That’s a great question, Amber and, some of this is really focused around minimum staffing requirements for nursing homes that participate in Medicare and Medicaid. And like you rightfully said, it is straight driven. It’s not federal. And I think it was proposed in September that the final rule will actually require nursing homes to provide a minimum of 3 and a half hours of nursing care per resident day.
And that includes things like, half an hour of care from a registered nurse for resident day, and at least 2 and a half hours of care from a nurse aid for resident day and so on and so forth going to have things like 24 by 7 onsite are in services. Coming back to the question, how do we overcome this?
Ruling and how do we apply our robotic solutions to this. [00:34:00] So really these mandates don’t overcome the reality of what exists today in communities. And the reality is that you have overburden nurses and you have very costly staffing agencies out there. And I don’t think anyone is new to this concept of, agency rates and availability and turnaround times given the severe shortage of nurses.
I think I was reading the other day. Some nursing schools are trying to turn out that, nurses even faster, taking like a 2 year program and kind of condense it into 9 months. I don’t know what, what that does to the quality of the education that they’re getting, but, we just feel like our solution provides an alternative to what’s out there today, which isn’t great.

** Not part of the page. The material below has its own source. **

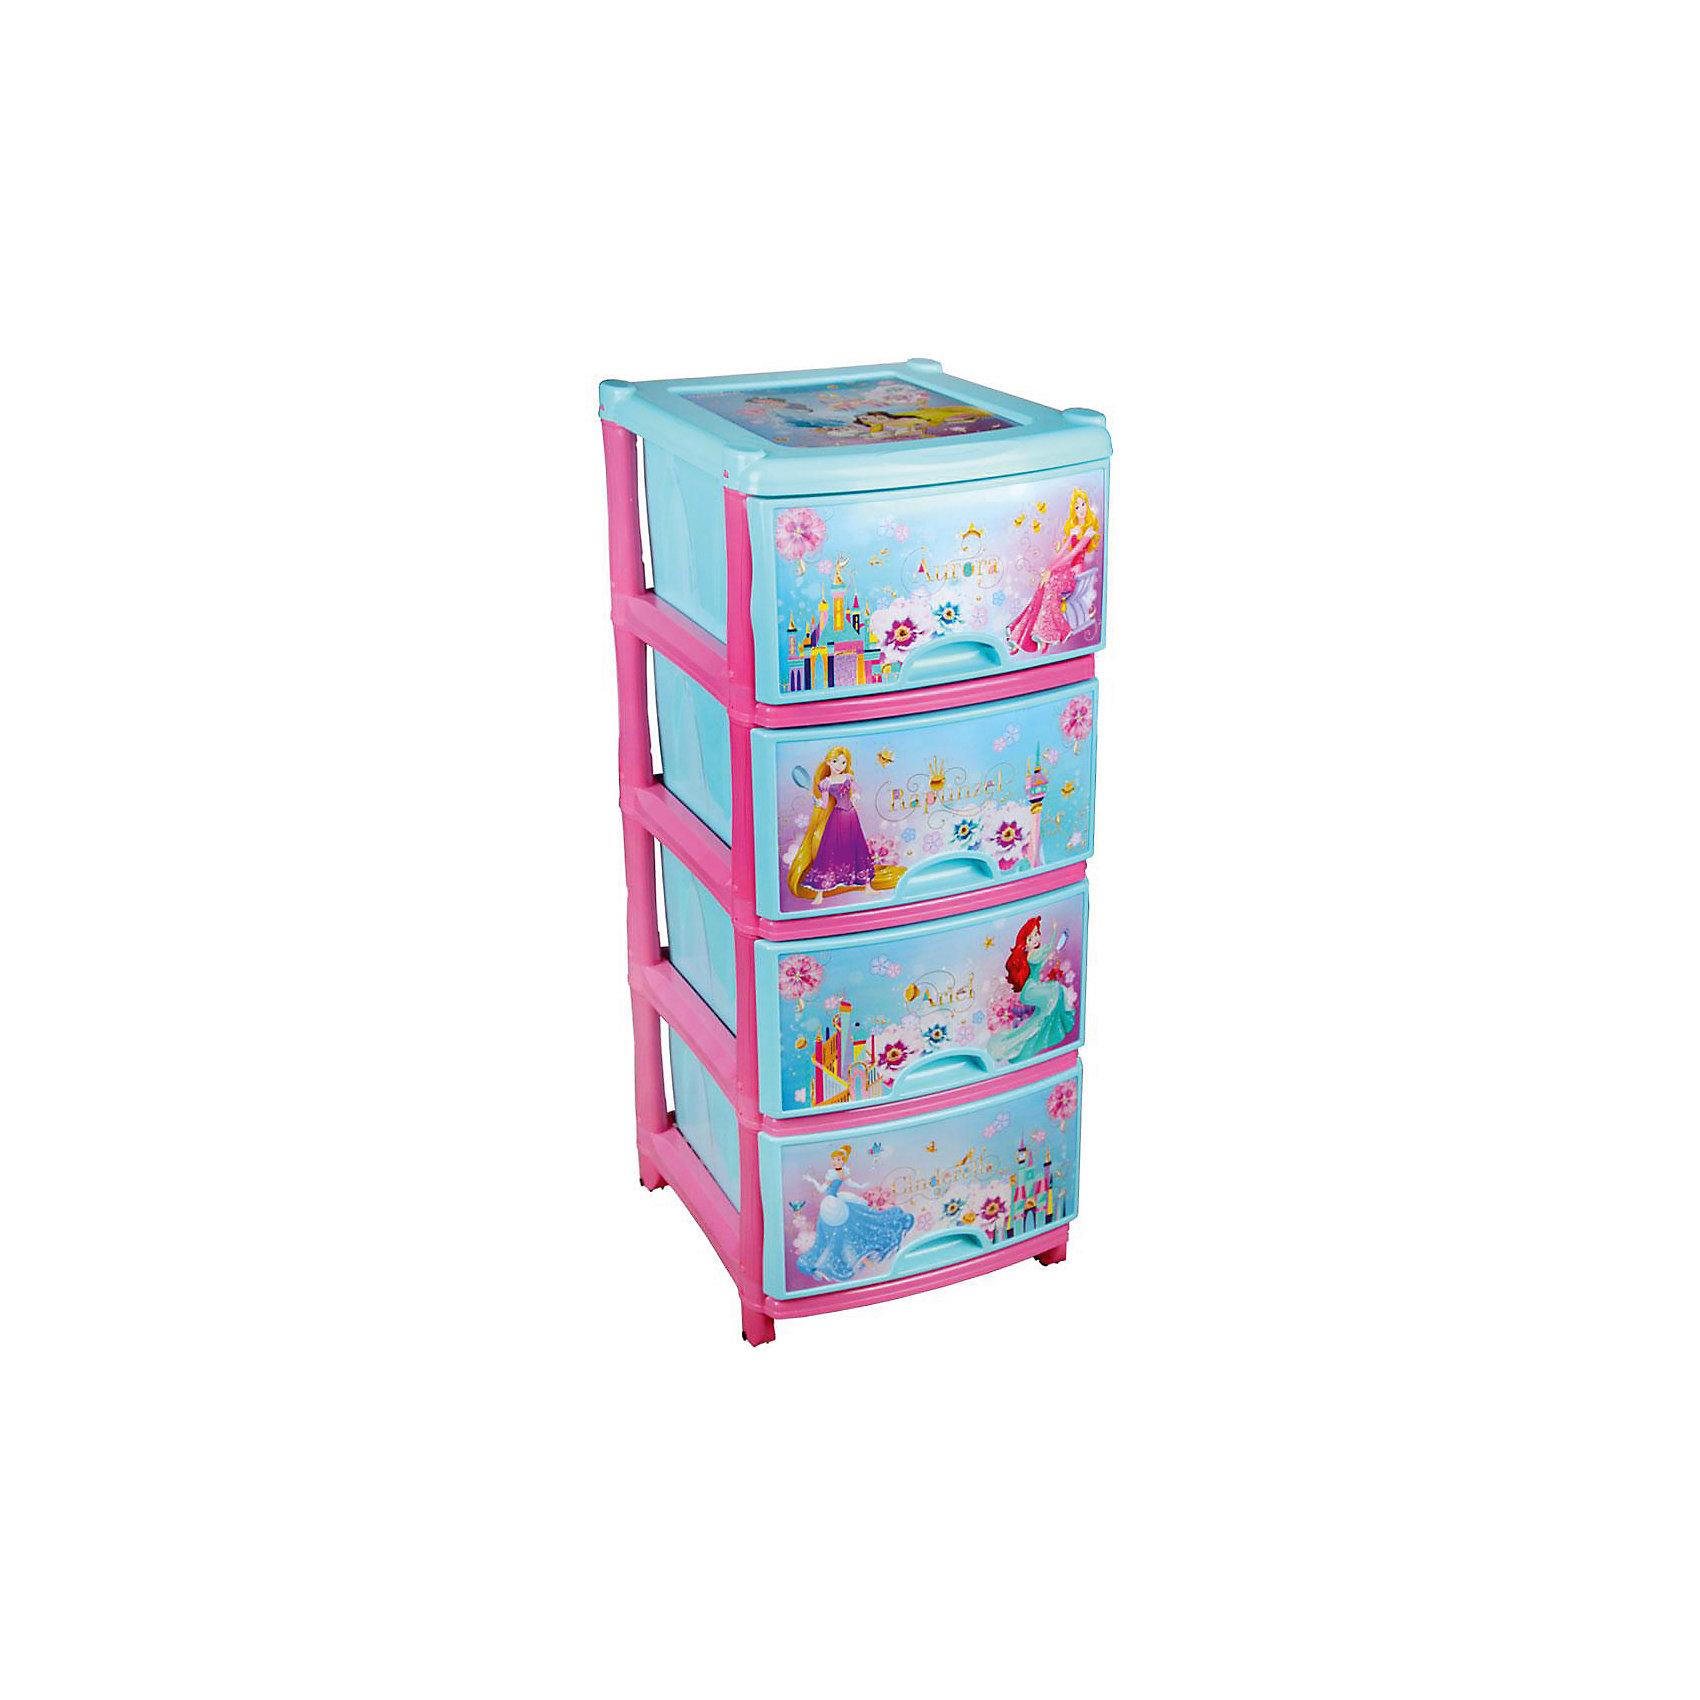 Комод Принцессы Дисней №4 4-х секц., AlternativaПорядок в детской<br>Характеристики:<br><br>• Предназначение: для хранения игрушек, одежды, канцелярских принадлежностей и материалов для творчества<br>• Пол: для девочки<br>• Материал: пластик<br>• Цвет: розовый, голубой, желтый<br>• Размер (Д*Ш*В):  48*38*98 см<br>• Вес: 5 кг 250 г<br>• Количество секций: 4 шт.<br>• Тип ящиков: выдвижные, с ручками<br>• В комплекте имеется инструкция по сборке<br>• Форма: прямоугольный<br>• Особенности ухода: разрешается мыть теплой водой<br><br>Комод Дисней №4 4-х секц., Alternativa изготовлен отечественным производителем ООО ЗПИ Альтернатива, который специализируется на выпуске широкого спектра изделий и предметов мебели из пластика. Комод выполнен из экологически безопасного материала, устойчивого к механическим повреждениям. Имеет компактный размер и повышенную вместимость за счет глубоких ящиков. Каркас комода устойчивый, ножки оснащены маленькими колесиками для удобства передвижения. Ящики оформлены сюжетами с самыми знаменитыми и любимыми принцессами Диснея. Комод Дисней №4 4-х секц., Alternativa станет не только полезным для хранения игрушек, одежды и различных принадлежностей, но и ярким предметом интерьера. <br><br>Комод Дисней №4 4-х секц., Alternativa можно купить в нашем интернет-магазине.<br><br>Ширина мм: 480<br>Глубина мм: 380<br>Высота мм: 980<br>Вес г: 4441<br>Возраст от месяцев: -2147483648<br>Возраст до месяцев: 2147483647<br>Пол: Женский<br>Возраст: Детский<br>SKU: 5096523
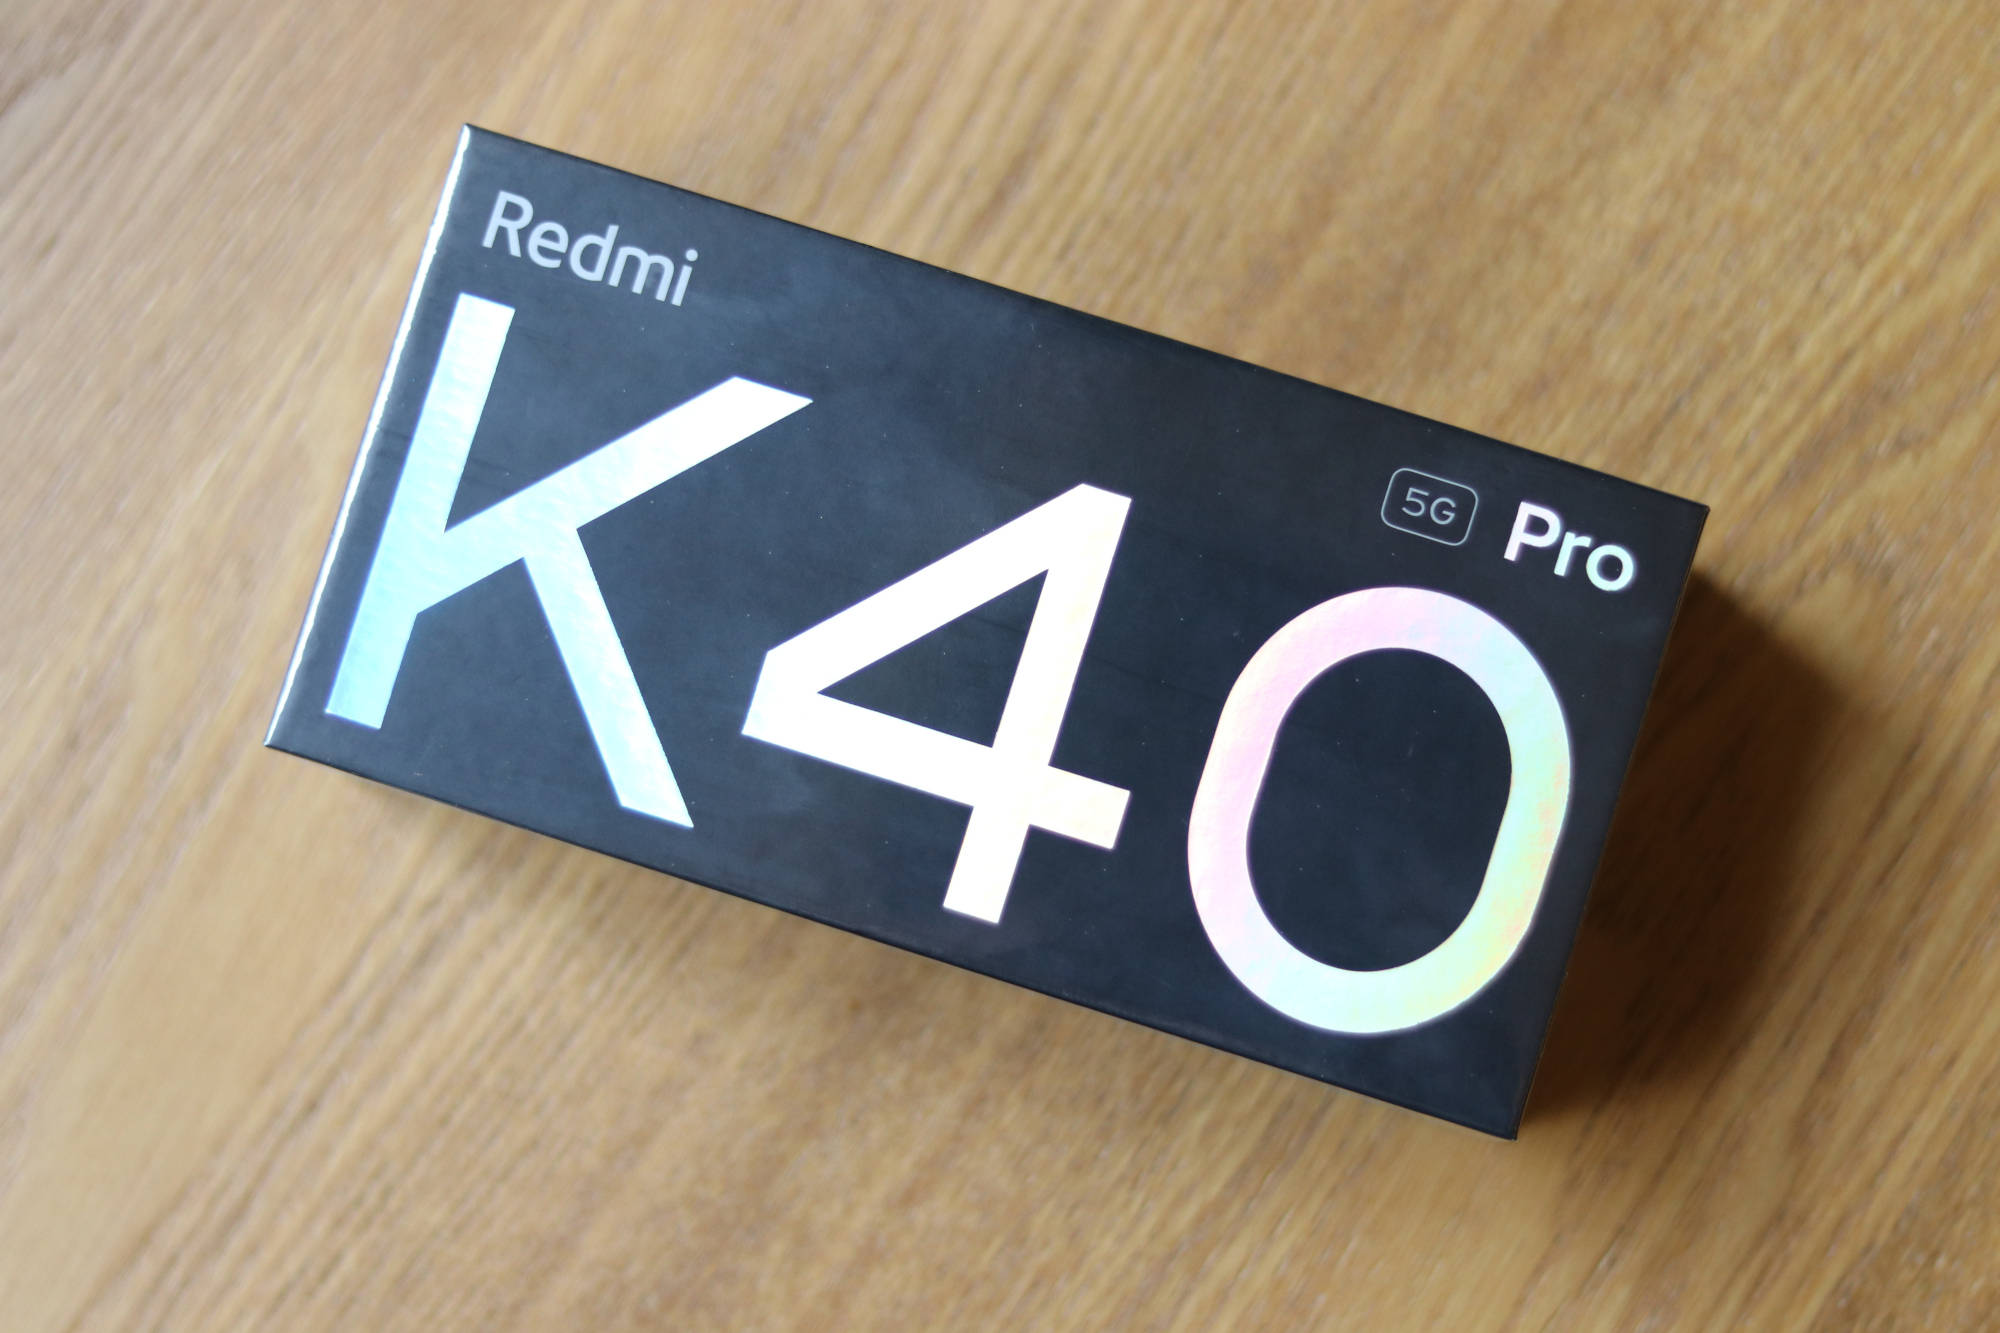 小米之家预定的红米K40 Pro终于到手了,不吹不黑,说说真实感觉

And it’s really hurting the operators. We’re simply offering that alternative not to replace nurses. But to be that force multiplier or that supplement to the nurses the biggest problem that hello guard is solved is the burnout and the ability to alleviate [00:35:00] that burden on the nurses through verifiable data that we’ve seen in the communities.
If you rewind back 20, 30 years a nurse had to remember 10 things, maybe 20 things in today’s day and age, post pandemic, they may have to remember 100 things or maybe 200 things, right? You almost need a checklist just to remember, what you need to do as a nurse.
And the staffing mandates don’t change these problems, these prevalent problems in any significant way. If anything, they actually accelerate it or make it worse. Hello, garden, be care, are there really to provide that relief to existing and new staff by automating those non direct care related tasks.
Things like deliveries of medication, rounding, dictation, med passing. There’s, I can keep going on and on, but, these tasks typically take up, 30 to 40 percent of a nurse’s day. So when you talk. Nurse, mandates of 3 and a half hours of a nursing care per resident day.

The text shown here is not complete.